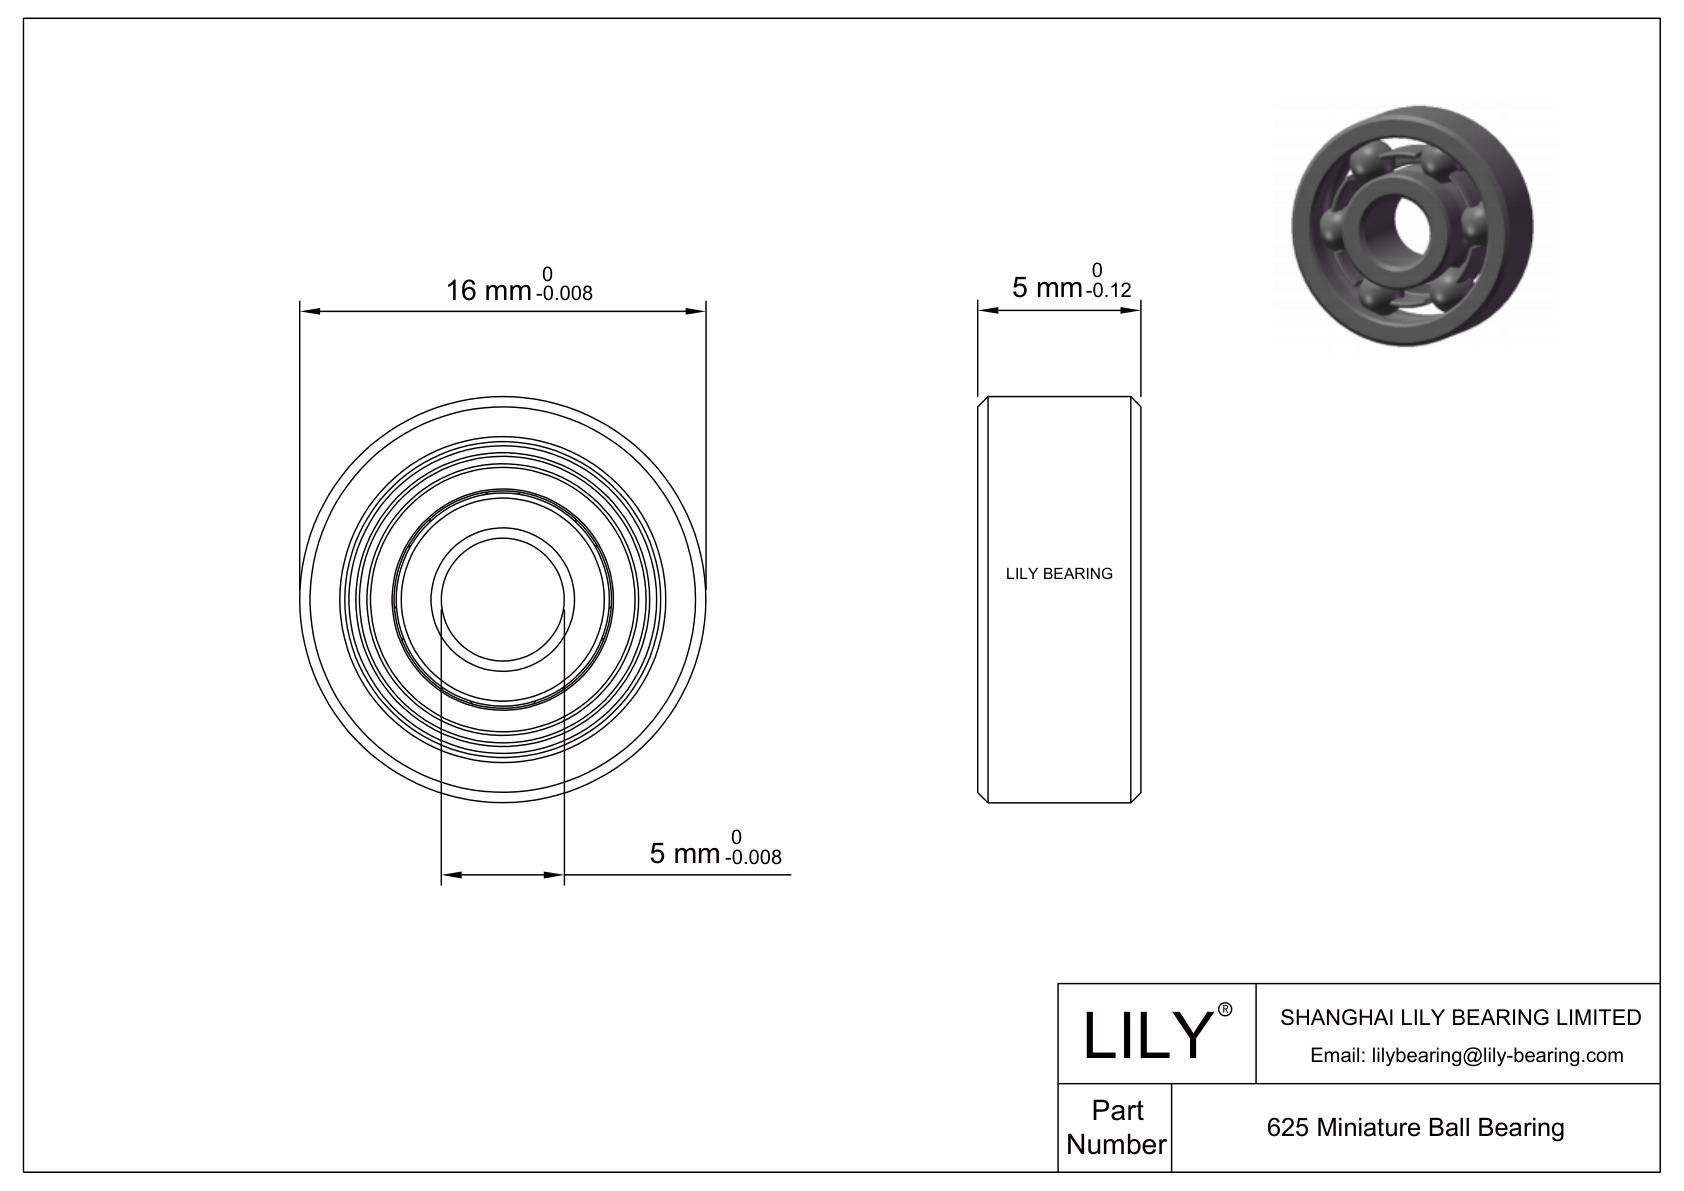 LILY-PU62524-5 Polyurethane Coated Bearing cad drawing
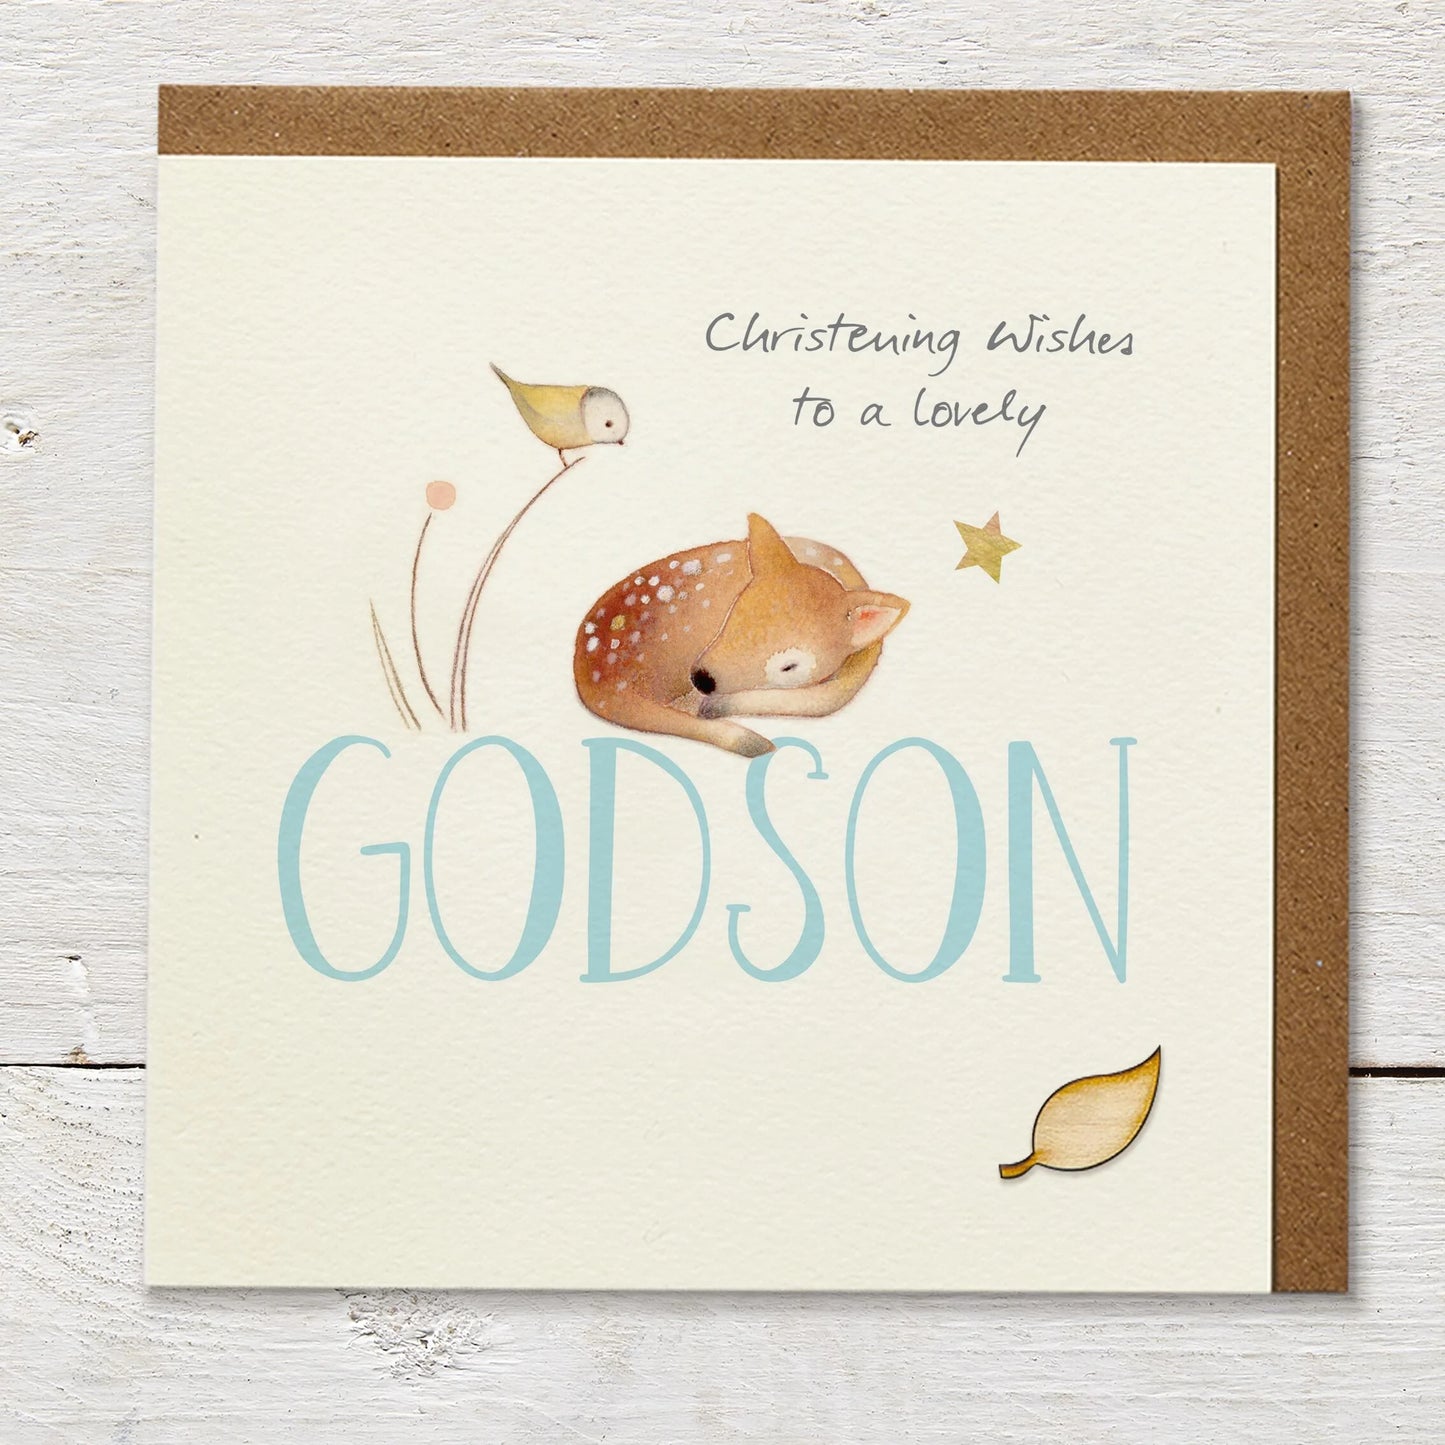 Godson Christening Greetings Card
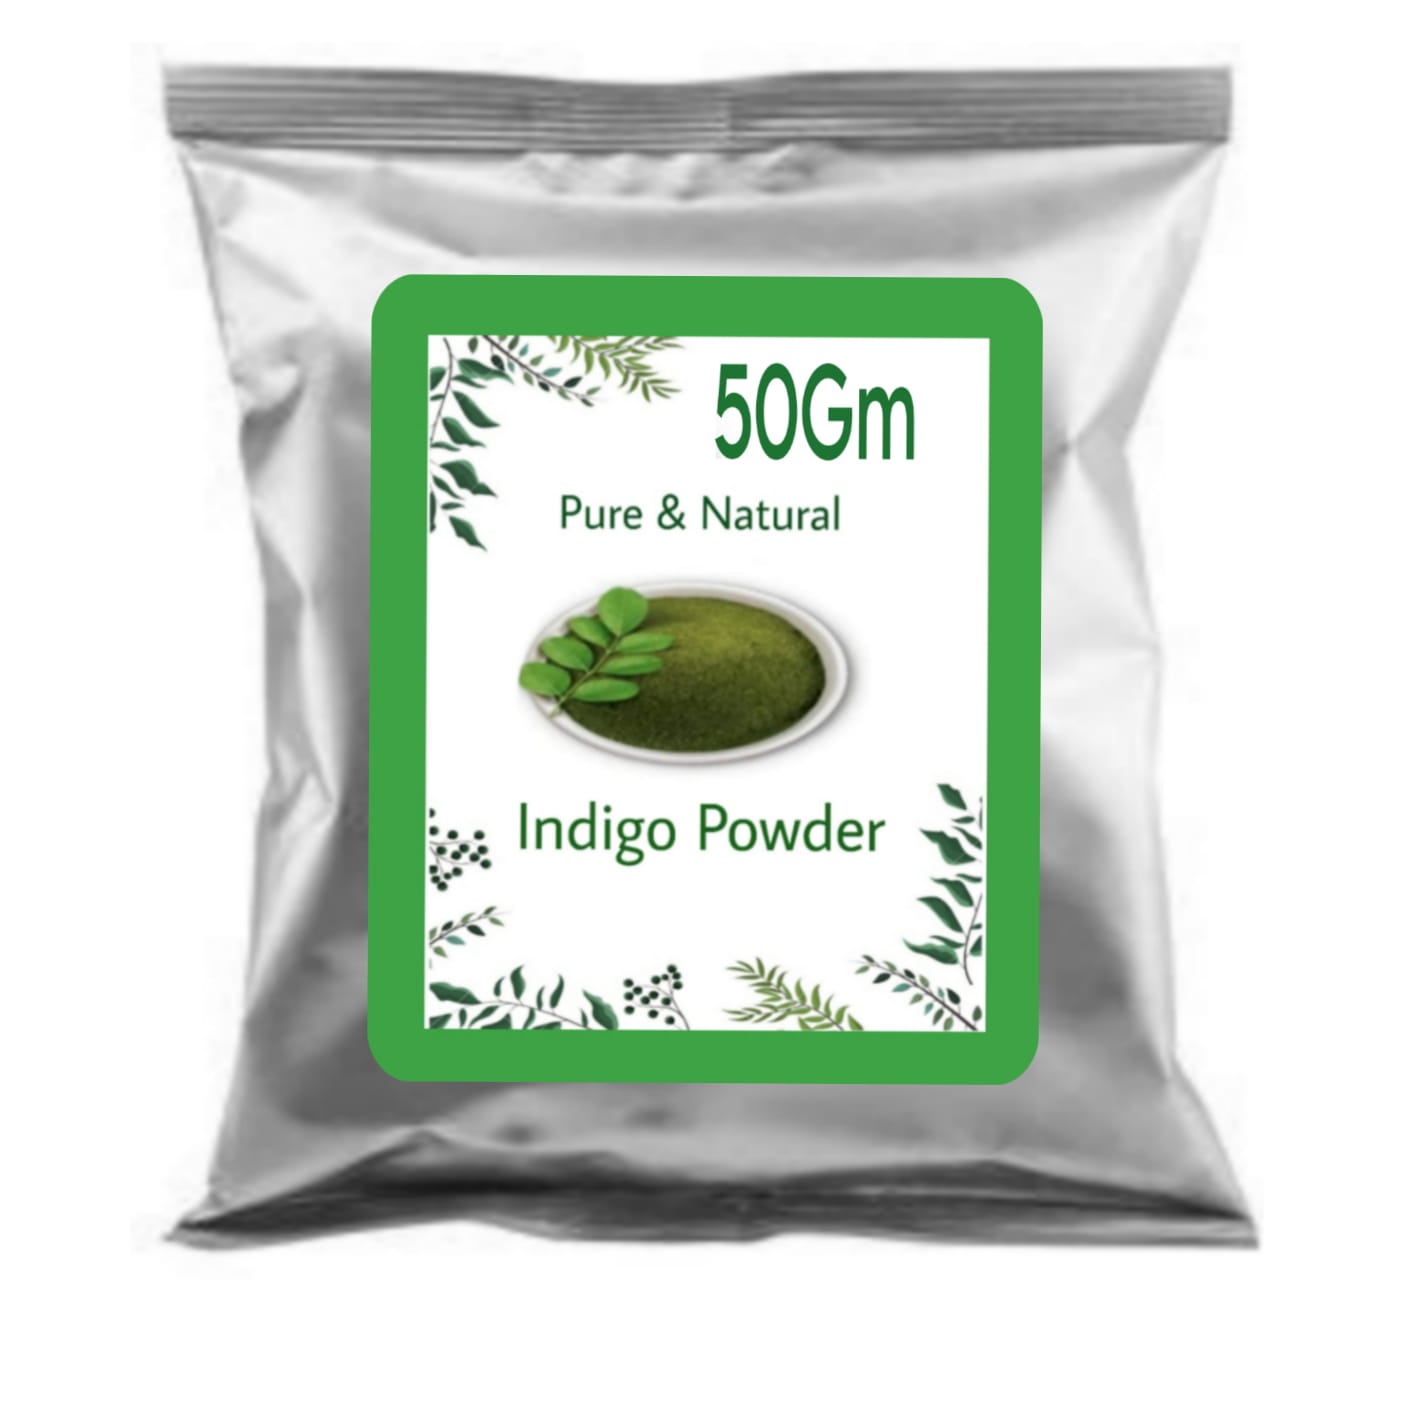 SDF INDIA Indigo Powder (Indigofera Tinctoria) Organic For Hair Pure Neel Powder For Natural Hair Colorant Black/Brown Hair & Beard Dye/Color (50Gm)
------------------------------
### Problem statement
Leave the images out and transcribe the rest of the material exactly.

### Answer for this exercise
 LILY-PU62524-5 Polyurethane Coated Bearing cad drawing
 Godson Christening Greetings Card
 SDF INDIA Indigo Powder (Indigofera Tinctoria) Organic For Hair Pure Neel Powder For Natural Hair Colorant Black/Brown Hair & Beard Dye/Color (50Gm)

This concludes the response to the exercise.